Google Summer of Code

EDGI is grateful to have participated in Google Summer of Code (GSoC) for the first time in 2017. GSoC provides an opportunity for students to contribute to open source projects while getting paid! We had a mentoring team of six volunteer EDGI members who worked with two students that contributed to our Archiving and Website Monitoring projects over the course of the summer.

Check below for recaps on our student's projects!

Data Visualization of Archived Content – Harsh Baid

Harsh Baid profile photoHarsh Baid is a junior at the University of Maryland - College Park studying Computer Science with a minor in math. He started programming during his freshmen year of highschool learning front/backend web development, but is currently interested in working with low-level architecture and embedded systems. In his free time, aside from his engineering-related hobbies, he loves to play the ukulele, read, and sleep.

The purpose of this project is to develop a set of visually impactful and meaningful models that allow users to easily visualize the changes archived by EDGI.

Read the final project update from Harsh:

My project focused on data visualization. The data being archived, while vital for preservation, was meaningless in the hands of the average individual and a bit overwhelming. So, over the summer, I worked on interactive graphs and models that helped users understand the general overview of the data. Using D3, I created a Coverage Map and a DataRescue Map. Continue Reading

Mid-project update from Harsh:

I have been focused on creating and refining several visually impactful models for EDGI and its related organizations. The two visualizations I've been primarily focused on are, 1) being able to accurately convey archival rate of coverage data using a sunburst sequence, and 2) creating an interactive choropleth map of the United States to showcase DataRescue and other related EDGI events.
I am currently in the process of refining and integrating both of these models on their respective websites based upon community feedback.


Identifying and Prioritizing Important Website Changes – Janak Raj Chadha

 profile photoJanak Raj Chadha is an undergraduate student at a National Institute of Technology in India where he studies Electrical Engineering. He is interested in Artificial Intelligence, Space Exploration, Electric Vehicles, and Renewable Energy Science. He has recently started contributing to open-source organisations and would like to contribute to libraries like Tensorflow in the future.


The project goal is to utilize machine learning algorithms to identify changes on government agency websites which are worth reviewing.

Read the final project update from Janak:

The website monitoring project involves working with data from multiple sources. The three primary sources are Versionista, PageFreezer, and Internet Archive. An important initial task was researching and creating clear documentation of the differences in data formats. Continue reading

Mid-project update from Janak:

I’m delighted to share my experience so far. It has been an exciting and challenging ride for me and I’ve enjoyed it thoroughly.

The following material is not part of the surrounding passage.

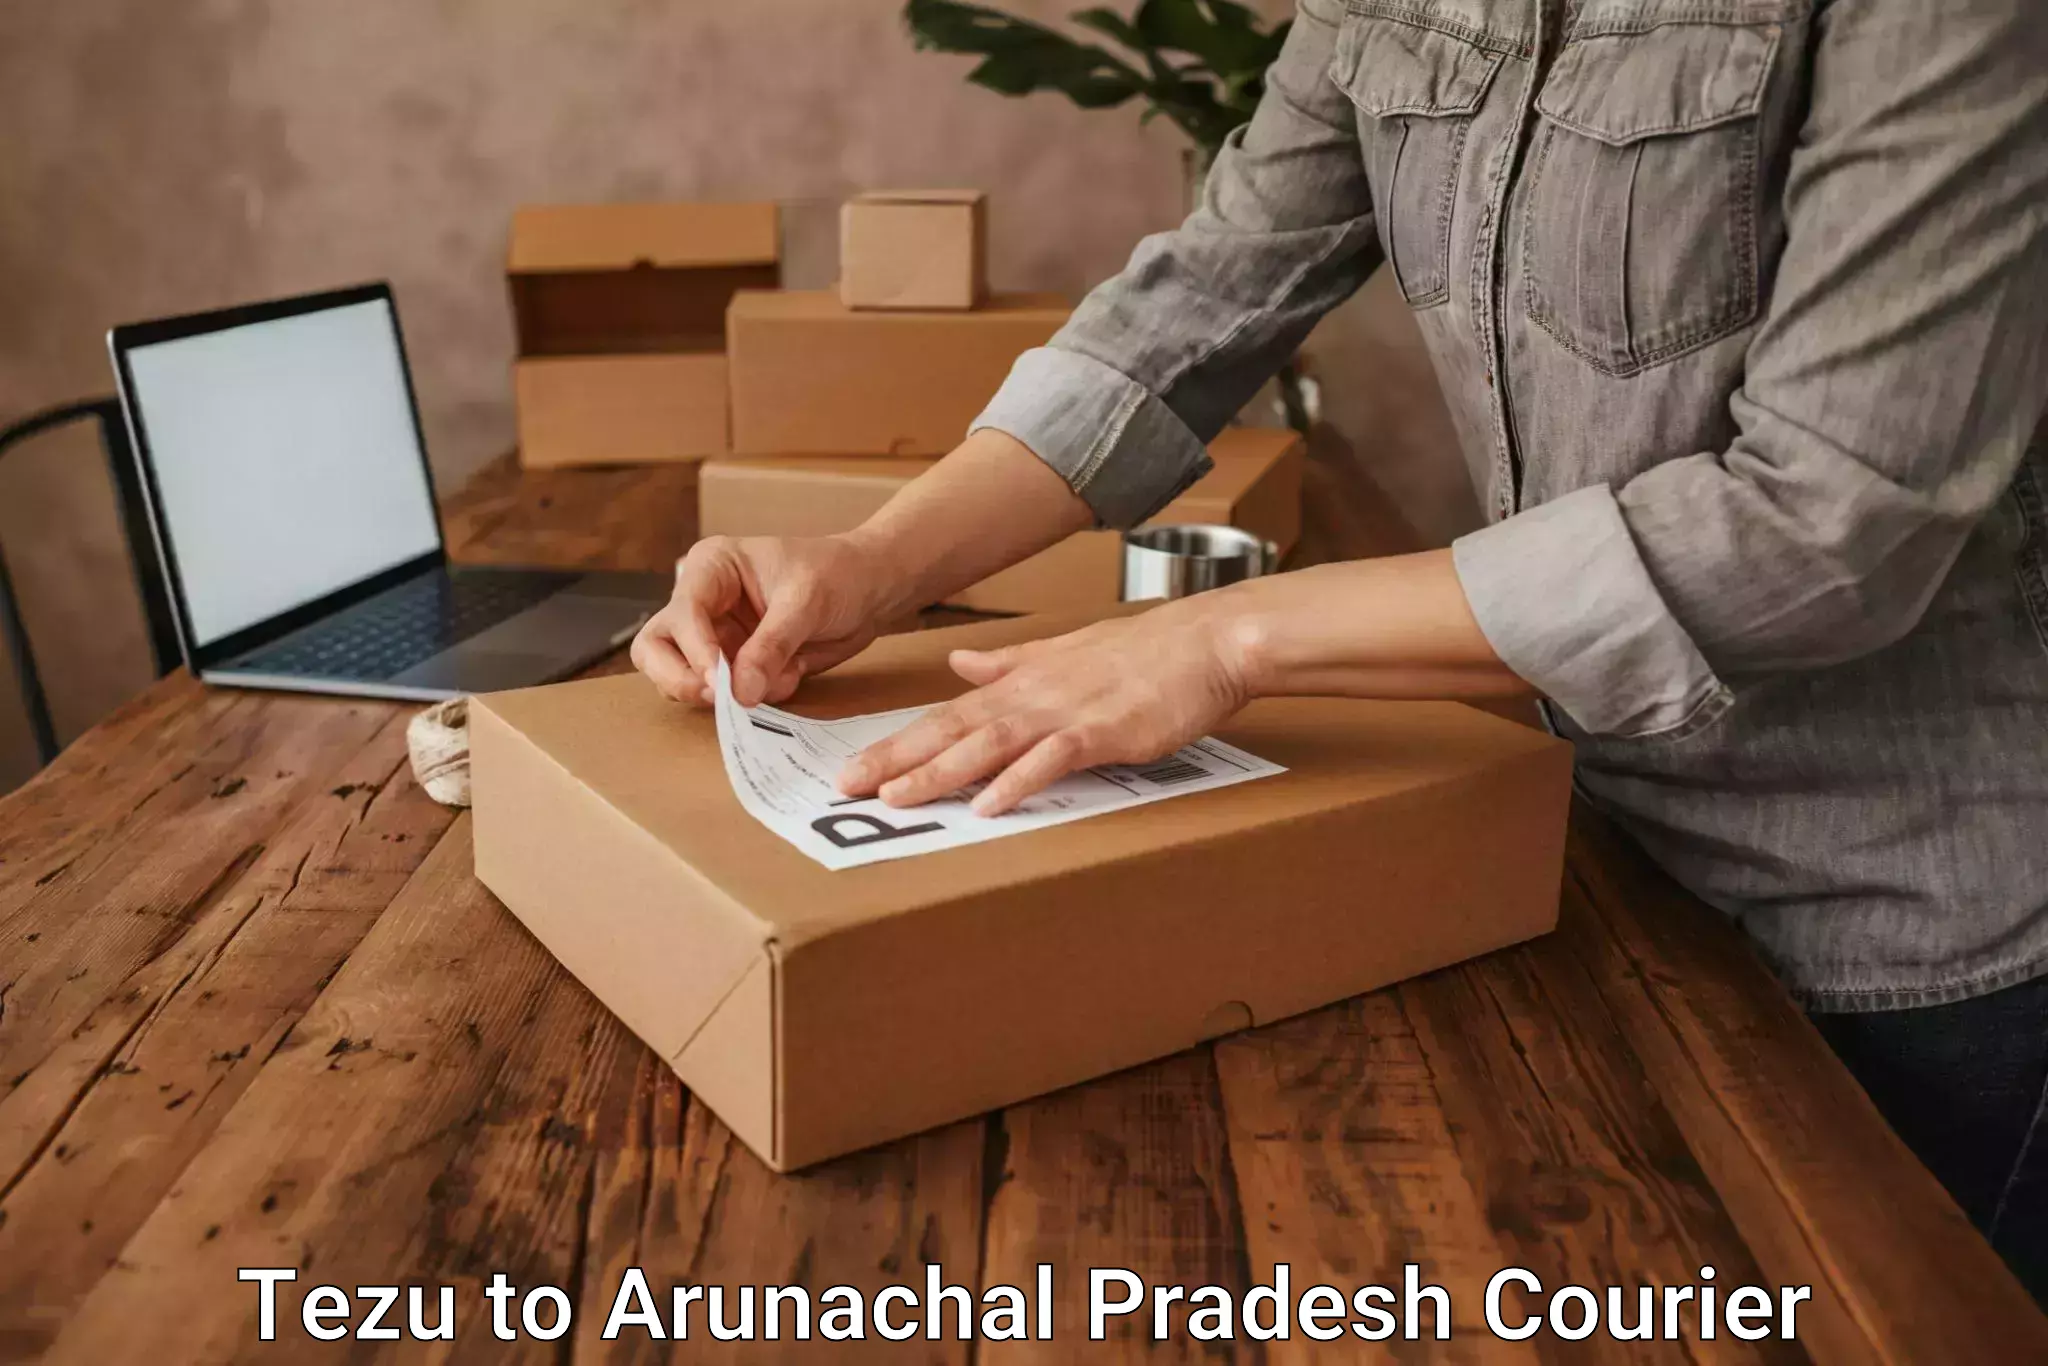 Premium courier services Tezu to Arunachal Pradesh

I took some time to understand and also document the variety of data sources that we’re using. I’m excited to have made progress on filters for insignificant changes which required me to go through the changes myself and I can really appreciate the effort put in by the analyst team. I’m currently working on adding and improving functionality for computing changes between versions. As we move ahead, I’m working alongside the analyst team to identify and prioritize important changes. It has been an amazing experience so far and I’m extremely thankful to everyone who helped me through this journey.